Recent in vitro experiments suggested that torsinA, the defective product of DYT1 mutation-afflicted patients, may be involved in processing SGCE in the endoplasmatic reticulum [12, 13]. To our knowledge, no human autopsy studies reporting on D2R loss in dystonia are available.
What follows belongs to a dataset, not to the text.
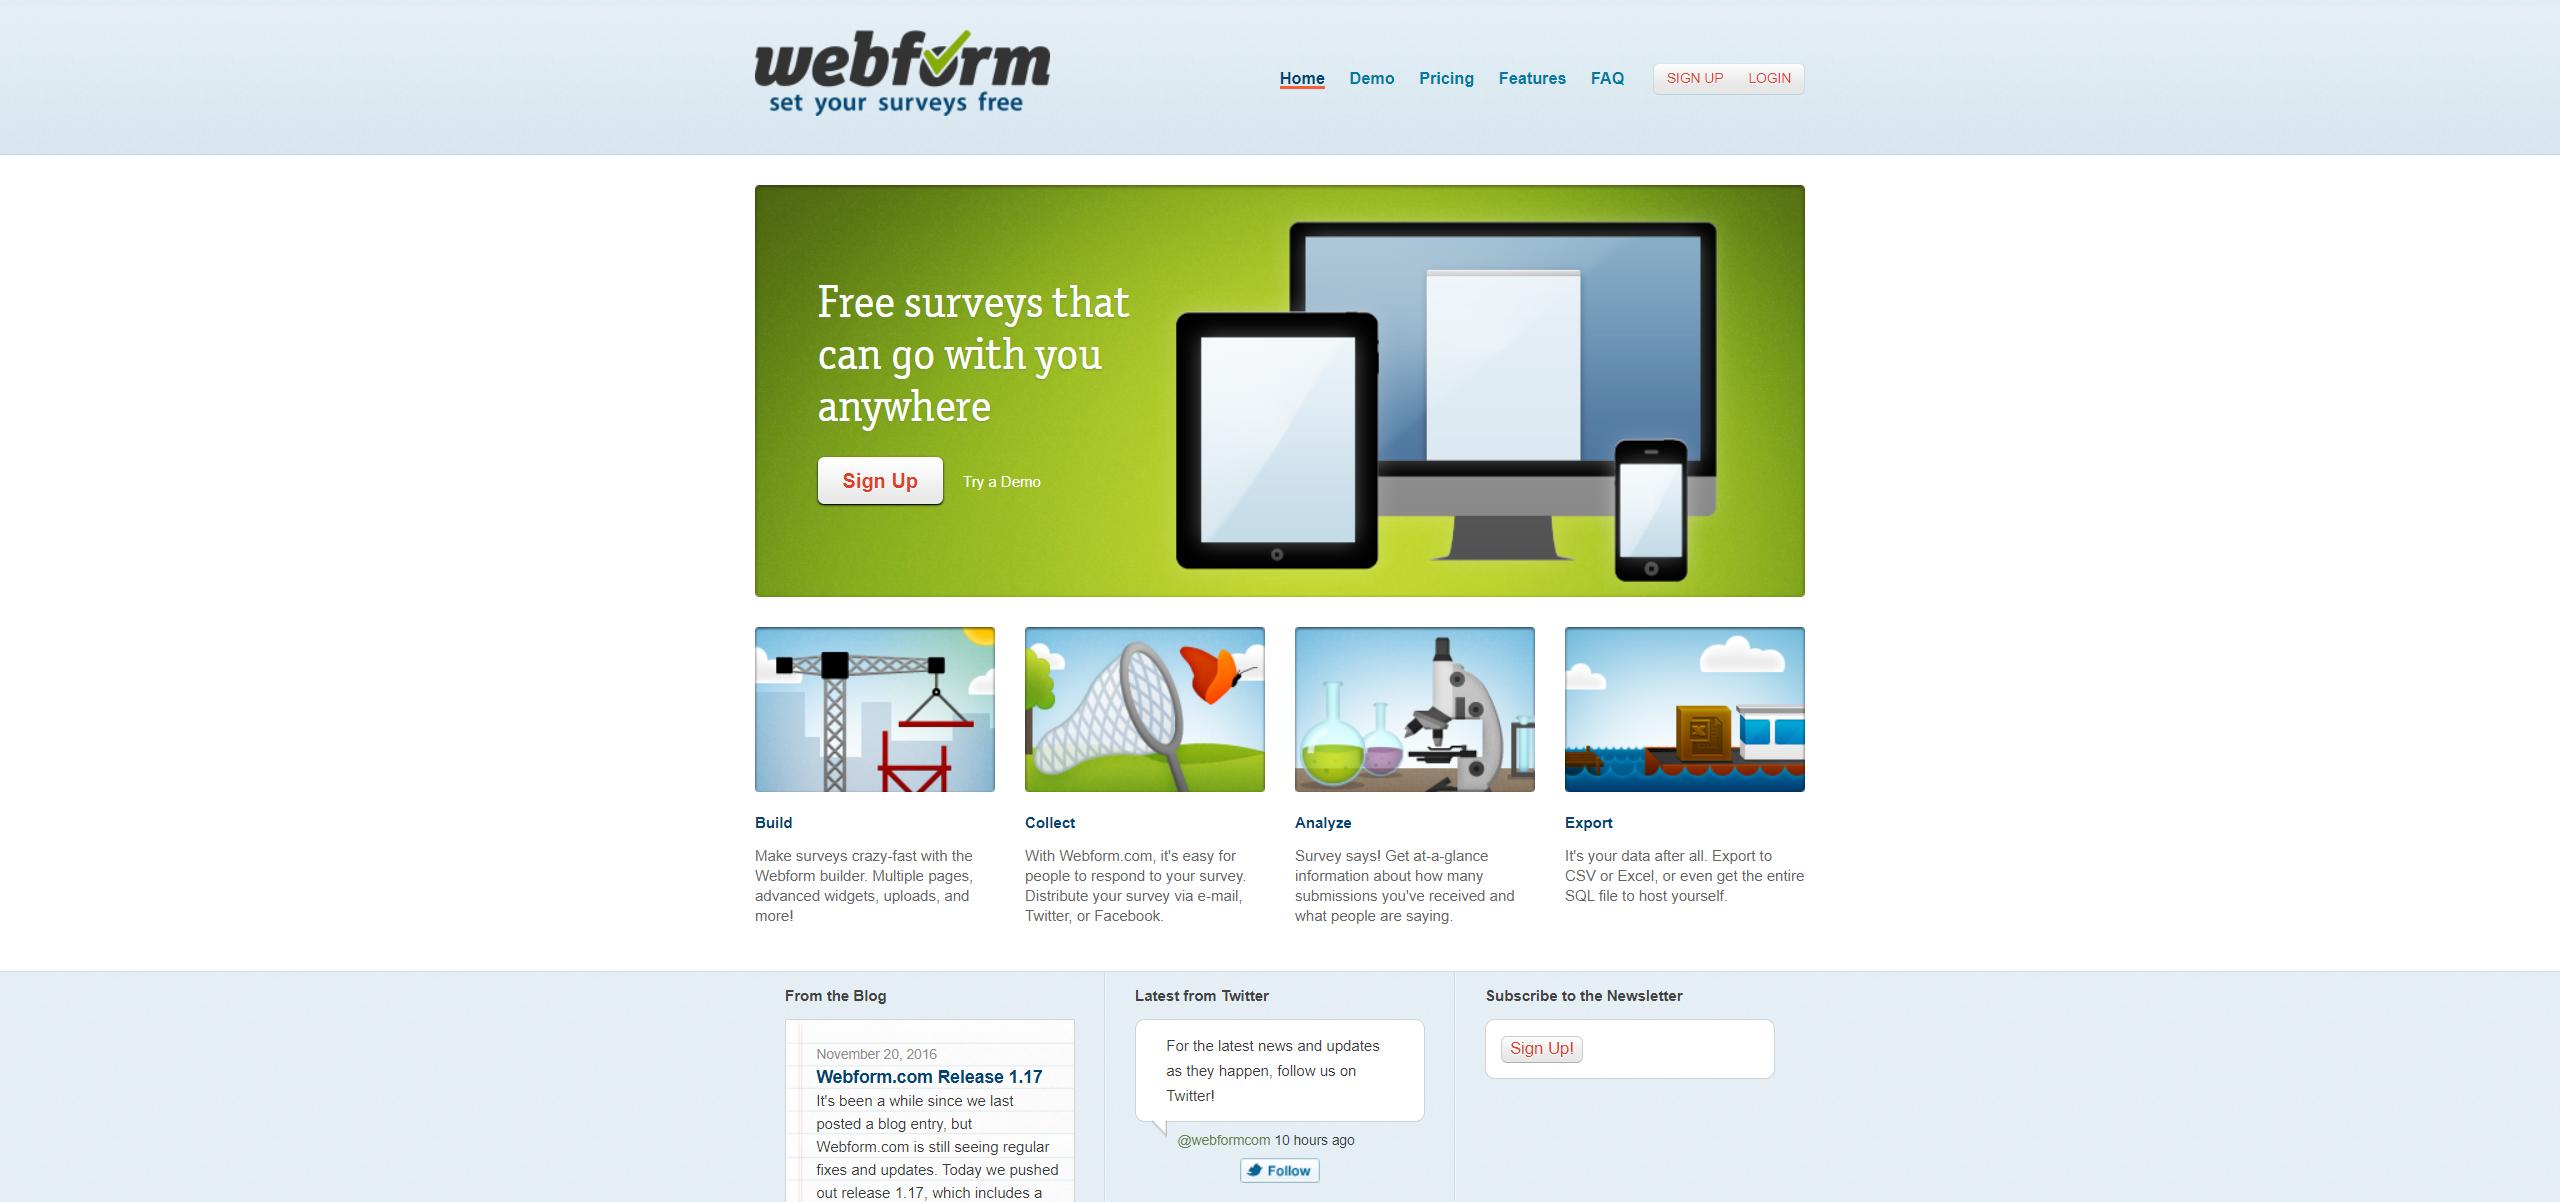 webform.com
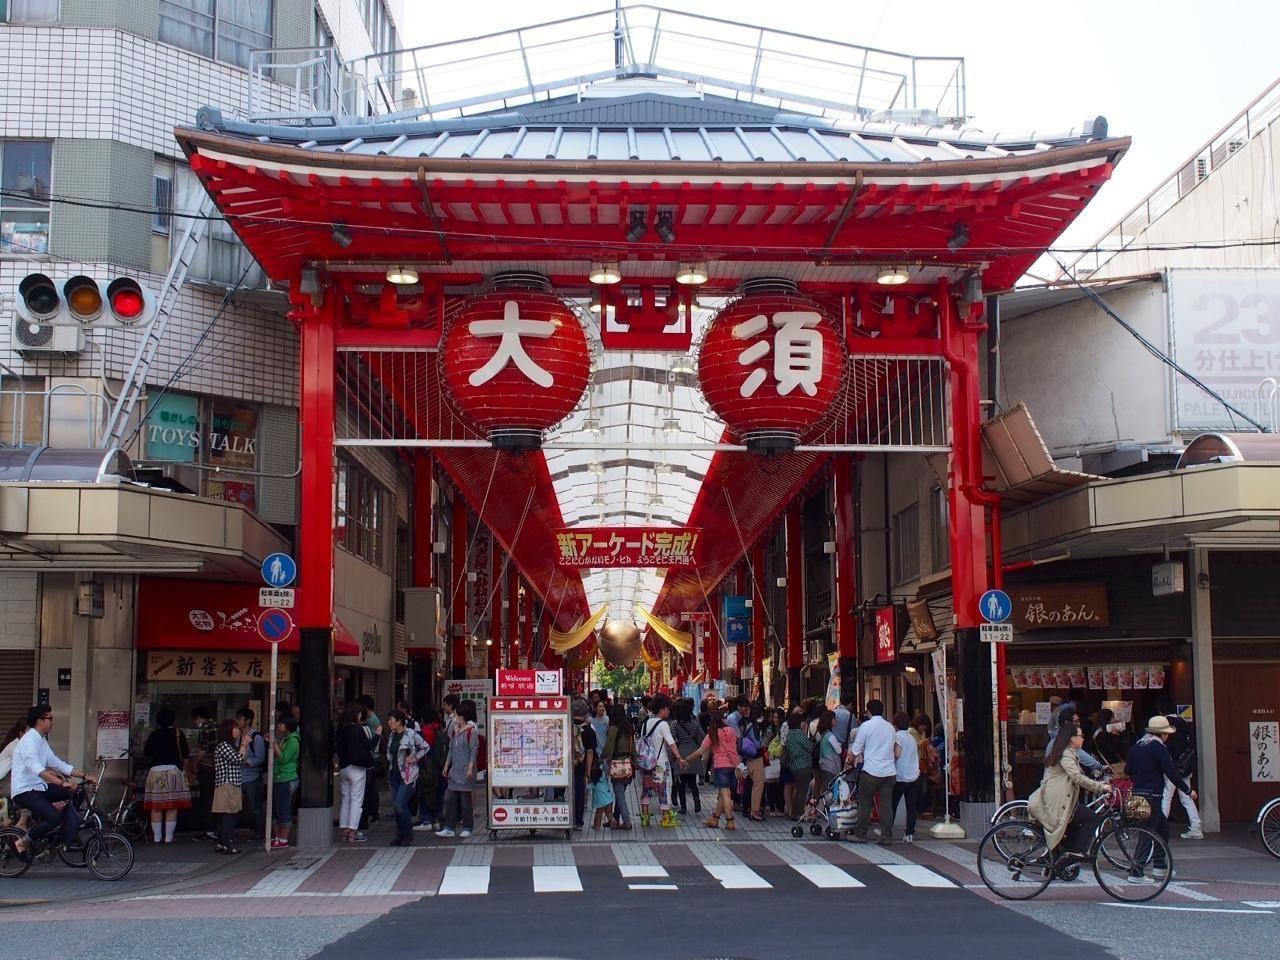 間違いない!名古屋人気NO.1スポット「大須商店街」で食い倒れ!

D2R imaging studies in other types of dystonia, including idiopathic cervical dystonia and DYT1 dystonia, showed reduced in vivo striatal binding [14, 15]. Cervical dystonia patients showed a bilateral and significant reduction of striatal D2R binding. In a recent study on DYT1, [¹¹C]raclopride PET was used to image D2R, and a decreased striatal D2R binding was described in both affected and non-affected DYT1 carriers [15]. Another [¹¹C]raclopride PET study in dopa-responsive dystonia patients (DYT5) showed increased D₂ receptor availability, possibly due to reduced competition by endogenous dopamine and/or a compensatory upregulation as a response to dopamine deficiency [16]. A D2R imaging study in nocturnal myoclonus suggested lower receptor availability [17]. A D2R imaging study in M–D will improve our understanding of dystonia and particularly of M–D.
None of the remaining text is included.